In power::expand_add(), don't reserve excess monomial sizes.

[ginac.git] / ginac / power.cpp

diff --git a/ginac/power.cpp b/ginac/power.cpp
index 99a5a3c4e635273d3eb1dd05da15e760eb4d70a8..6fdc3fcd48537fed844cc0ca74563c5291139f6a 100644 (file)
--- a/ginac/power.cpp
+++ b/ginac/power.cpp
@@ -42,6 +42,7 @@
 #include <limits>
 #include <stdexcept>
 #include <vector>
+#include <algorithm>
 
 namespace GiNaC {
 
@@ -695,51 +696,71 @@ ex power::conjugate() const
 
 ex power::real_part() const
 {
+       // basis == a+I*b, exponent == c+I*d
+       const ex a = basis.real_part();
+       const ex c = exponent.real_part();
+       if (basis.is_equal(a) && exponent.is_equal(c)) {
+               // Re(a^c)
+               return *this;
+       }
+
+       const ex b = basis.imag_part();
        if (exponent.info(info_flags::integer)) {
-               ex basis_real = basis.real_part();
-               if (basis_real == basis)
-                       return *this;
-               realsymbol a("a"),b("b");
-               ex result;
-               if (exponent.info(info_flags::posint))
-                       result = power(a+I*b,exponent);
-               else
-                       result = power(a/(a*a+b*b)-I*b/(a*a+b*b),-exponent);
-               result = result.expand();
-               result = result.real_part();
-               result = result.subs(lst( a==basis_real, b==basis.imag_part() ));
+               // Re((a+I*b)^c)  w/  c ∈ ℤ
+               long N = ex_to<numeric>(c).to_long();
+               // Use real terms in Binomial expansion to construct
+               // Re(expand(power(a+I*b, N))).

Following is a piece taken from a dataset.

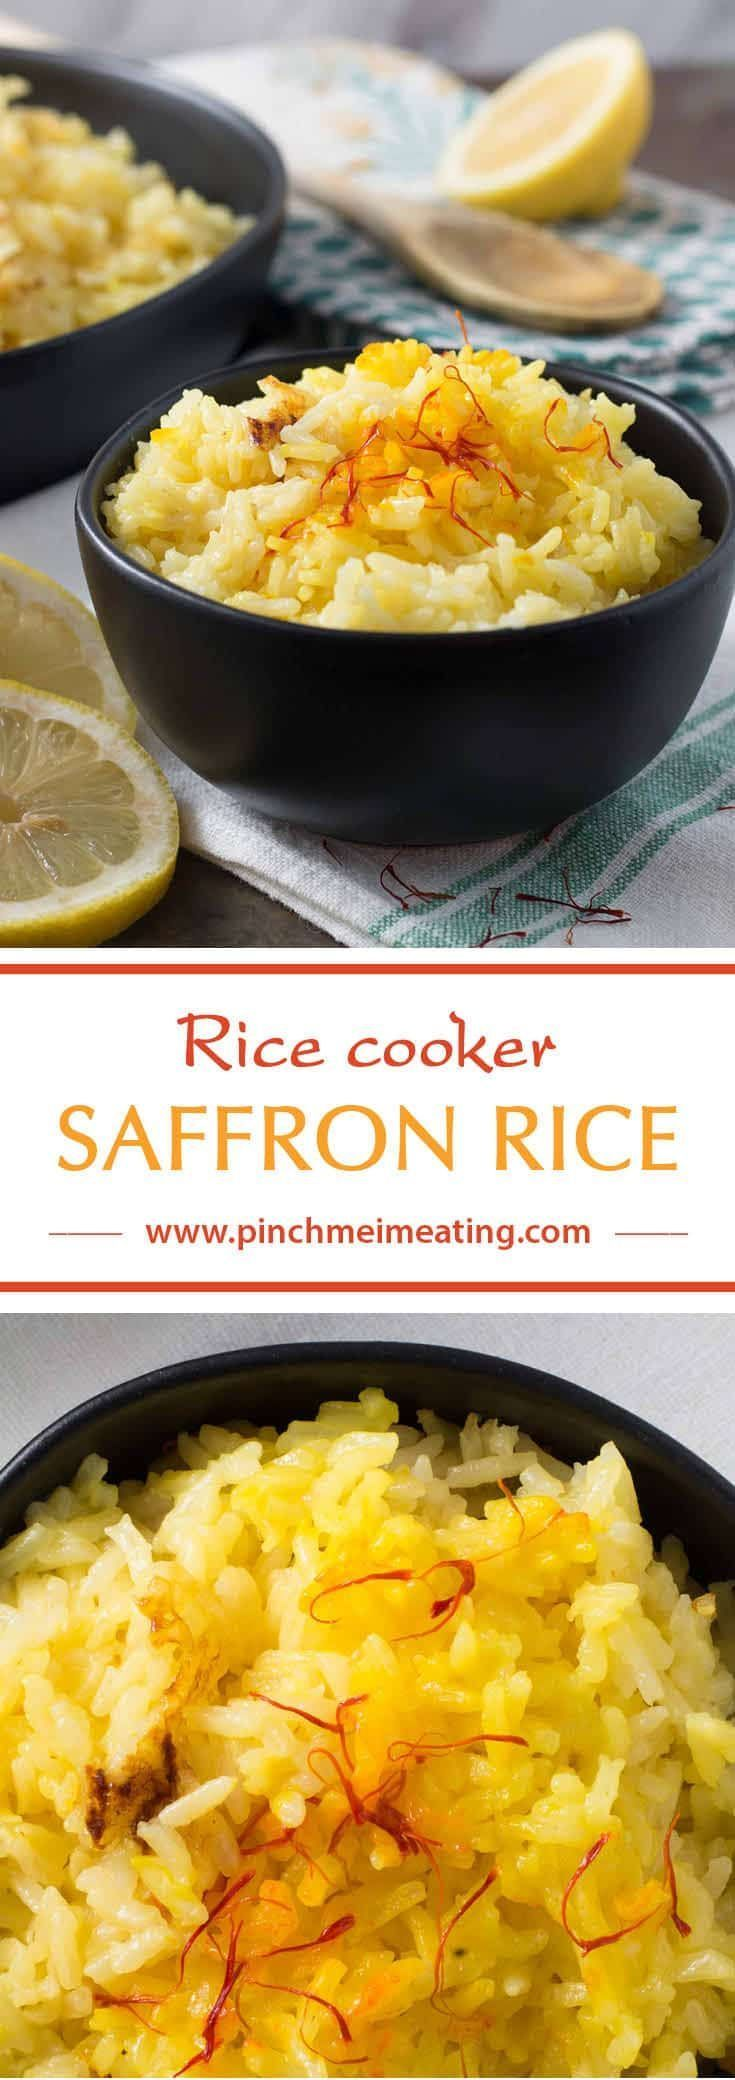 Rice Cooker Saffron Rice | Pinch me, I'm eating!

+               long NN = N > 0 ? N : -N;
+               ex numer = N > 0 ? _ex1 : power(power(a,2) + power(b,2), NN);
+               ex result = 0;
+               for (long n = 0; n <= NN; n += 2) {
+                       ex term = binomial(NN, n) * power(a, NN-n) * power(b, n) / numer;
+                       if (n % 4 == 0) {
+                               result += term;  // sign: I^n w/ n == 4*m
+                       } else {
+                               result -= term;  // sign: I^n w/ n == 4*m+2
+                       }
+               }
                return result;
        }
-       
-       ex a = basis.real_part();
-       ex b = basis.imag_part();
-       ex c = exponent.real_part();
-       ex d = exponent.imag_part();
+
+       // Re((a+I*b)^(c+I*d))
+       const ex d = exponent.imag_part();
        return power(abs(basis),c)*exp(-d*atan2(b,a))*cos(c*atan2(b,a)+d*log(abs(basis)));
 }
 
 ex power::imag_part() const
 {
+       const ex a = basis.real_part();
+       const ex c = exponent.real_part();
+       if (basis.is_equal(a) && exponent.is_equal(c)) {
+               // Im(a^c)
+               return 0;
+       }
+
+       const ex b = basis.imag_part();
        if (exponent.info(info_flags::integer)) {
-               ex basis_real = basis.real_part();
-               if (basis_real == basis)
-                       return 0;
-               realsymbol a("a"),b("b");
-               ex result;
-               if (exponent.info(info_flags::posint))
-                       result = power(a+I*b,exponent);
-               else
-                       result = power(a/(a*a+b*b)-I*b/(a*a+b*b),-exponent);
-               result = result.expand();
-               result = result.imag_part();
-               result = result.subs(lst( a==basis_real, b==basis.imag_part() ));
+               // Im((a+I*b)^c)  w/  c ∈ ℤ
+               long N = ex_to<numeric>(c).to_long();
+               // Use imaginary terms in Binomial expansion to construct
+               // Im(expand(power(a+I*b, N))).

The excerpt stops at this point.